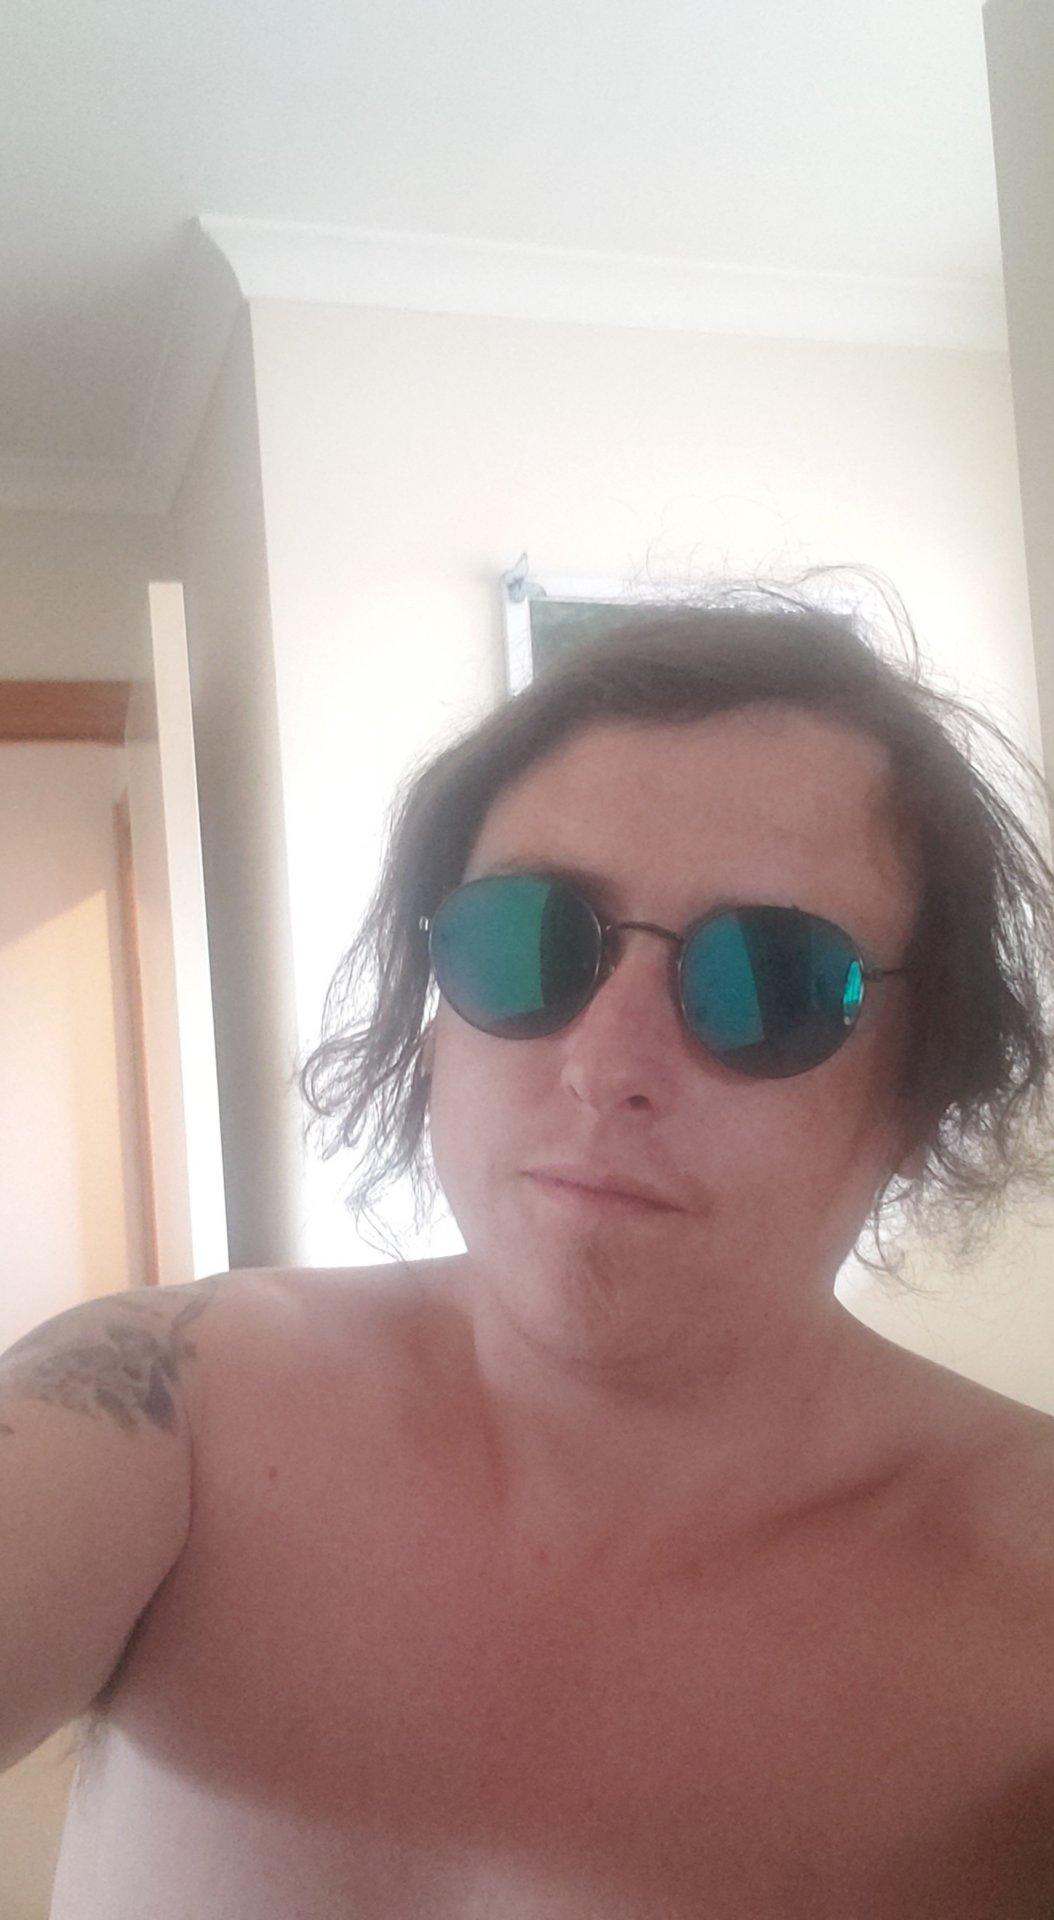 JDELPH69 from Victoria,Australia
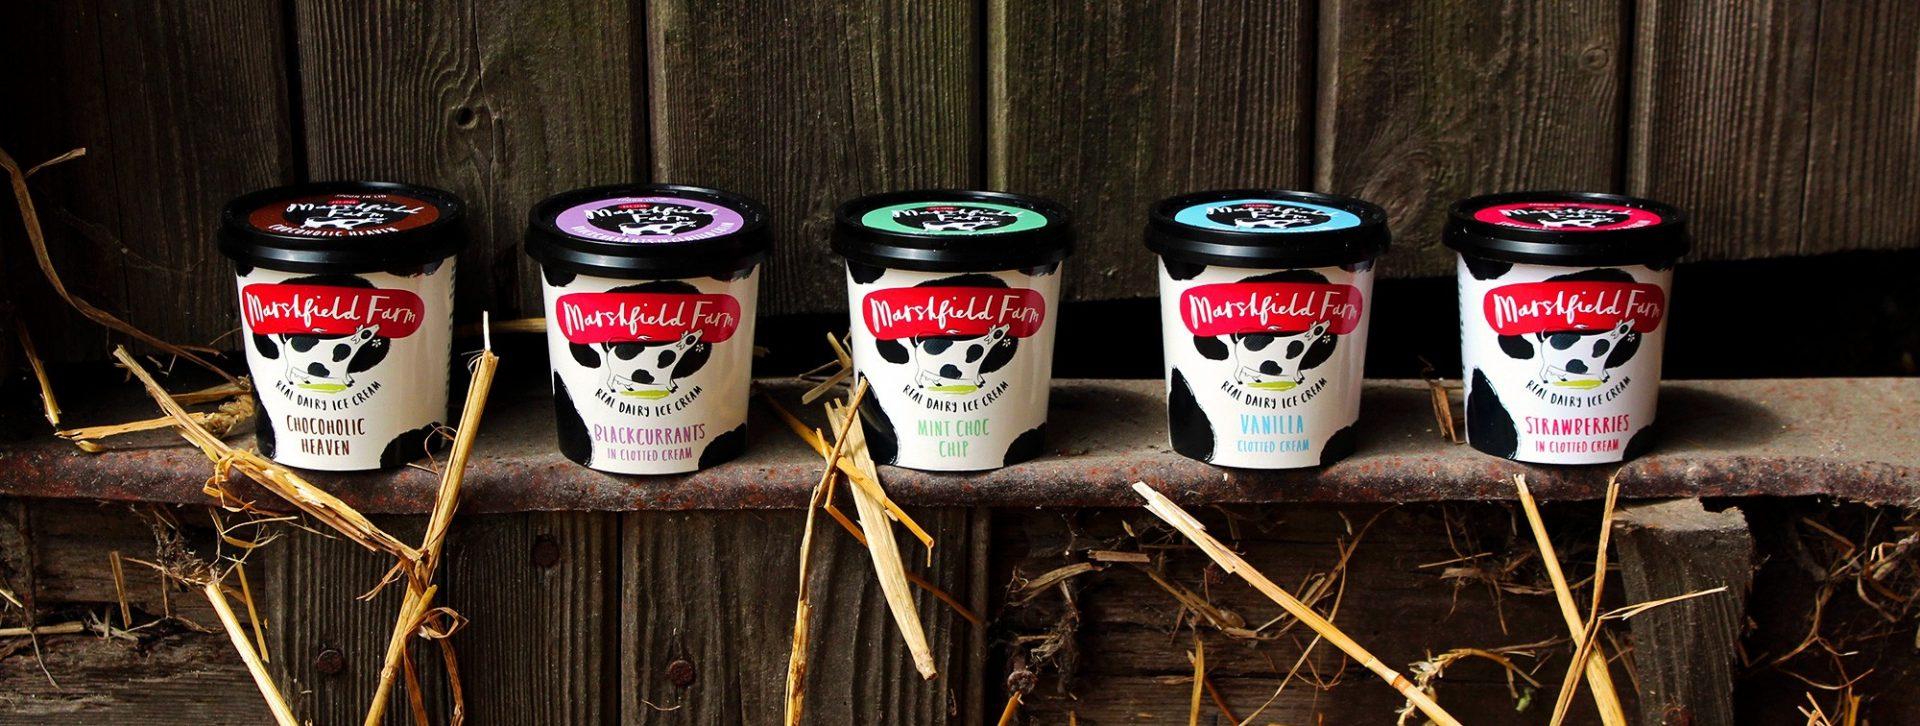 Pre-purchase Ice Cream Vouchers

---

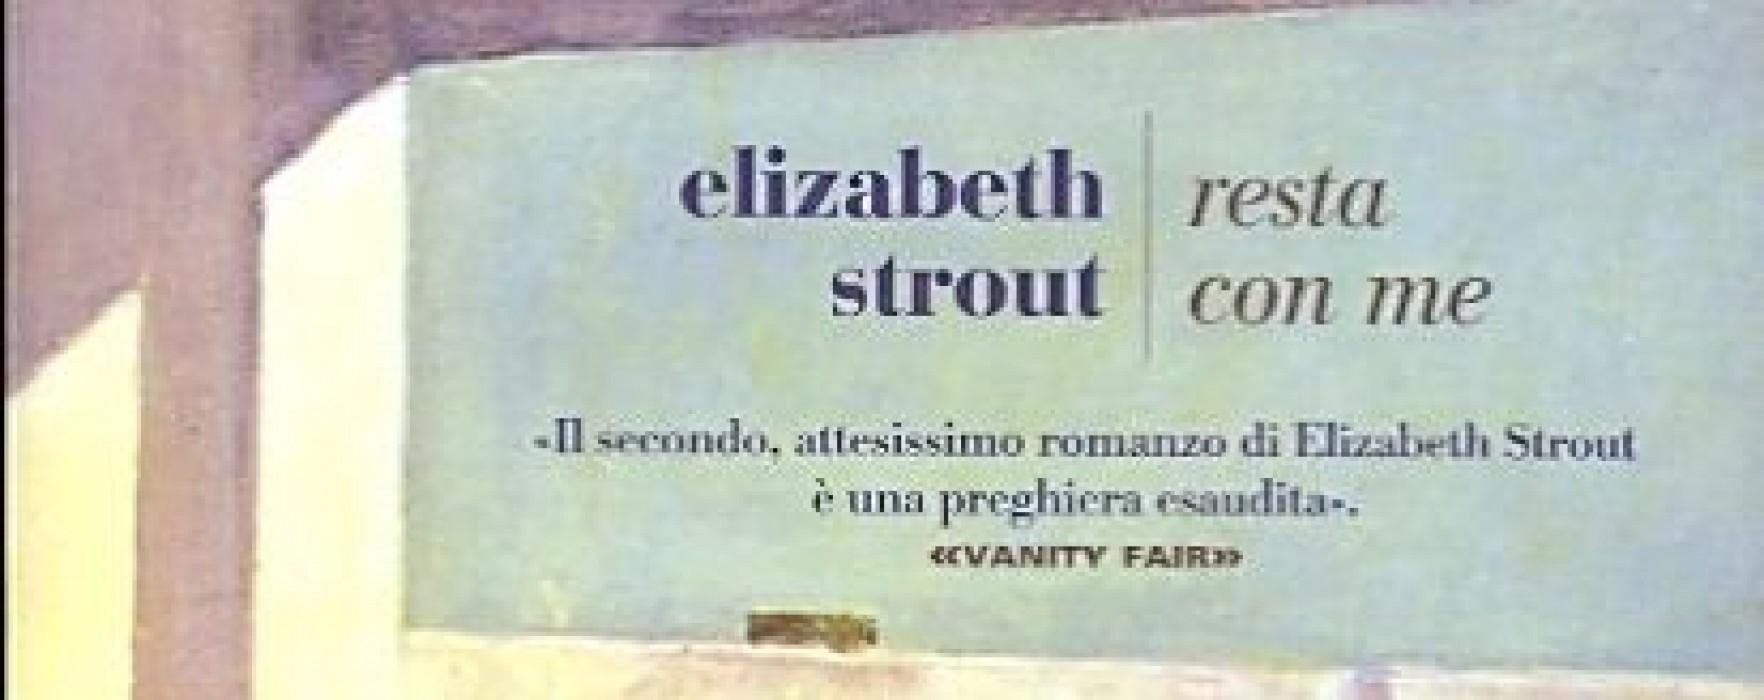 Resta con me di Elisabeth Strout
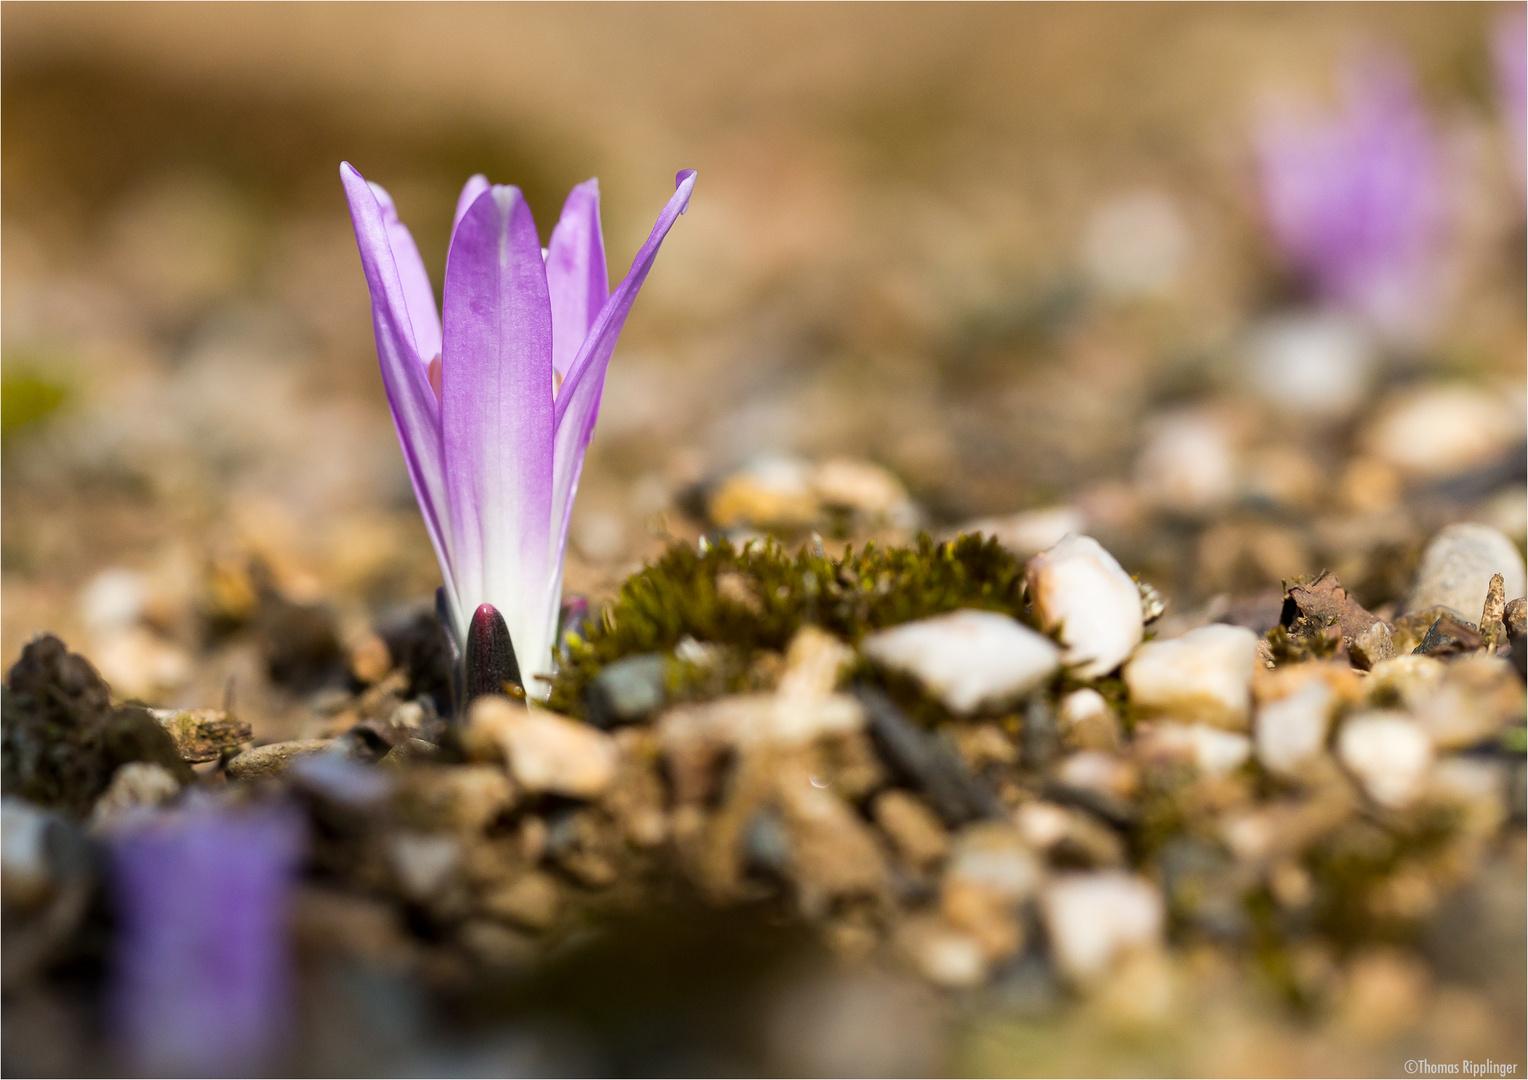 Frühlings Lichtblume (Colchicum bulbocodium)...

==

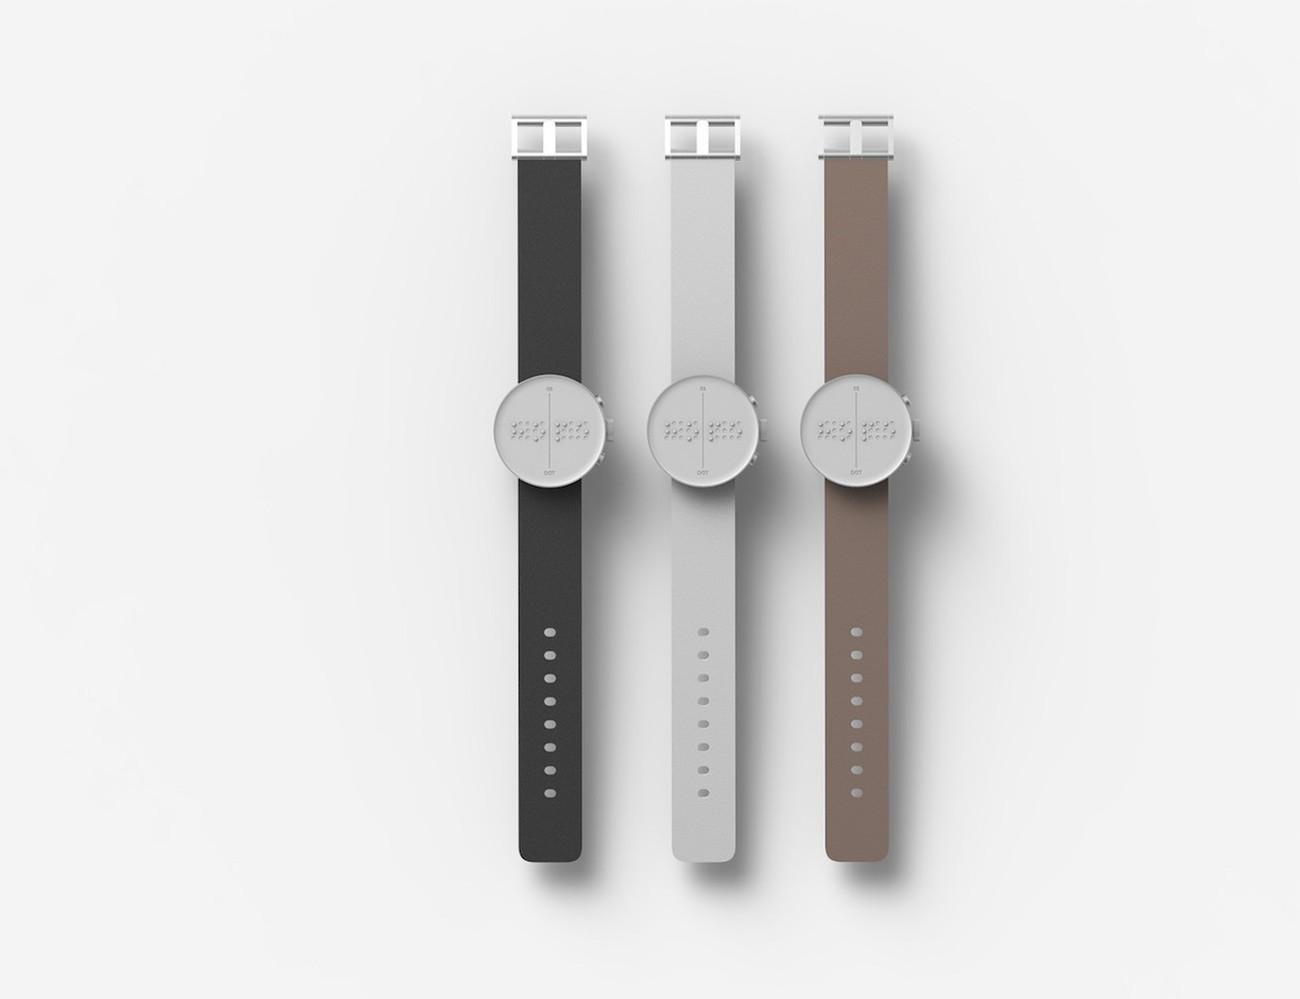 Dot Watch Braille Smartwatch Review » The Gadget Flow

▸ **WORK ORDER**
Find the line with "JDELPH69 from Victoria,Australia" and the line with "Pre-purchase Ice Cream Vouchers" in the records above. Copy both and all lines between them exactly, without pictures.

▸ **SOLUTION FOR THIS EXERCISE**
 JDELPH69 from Victoria,Australia
 Pre-purchase Ice Cream Vouchers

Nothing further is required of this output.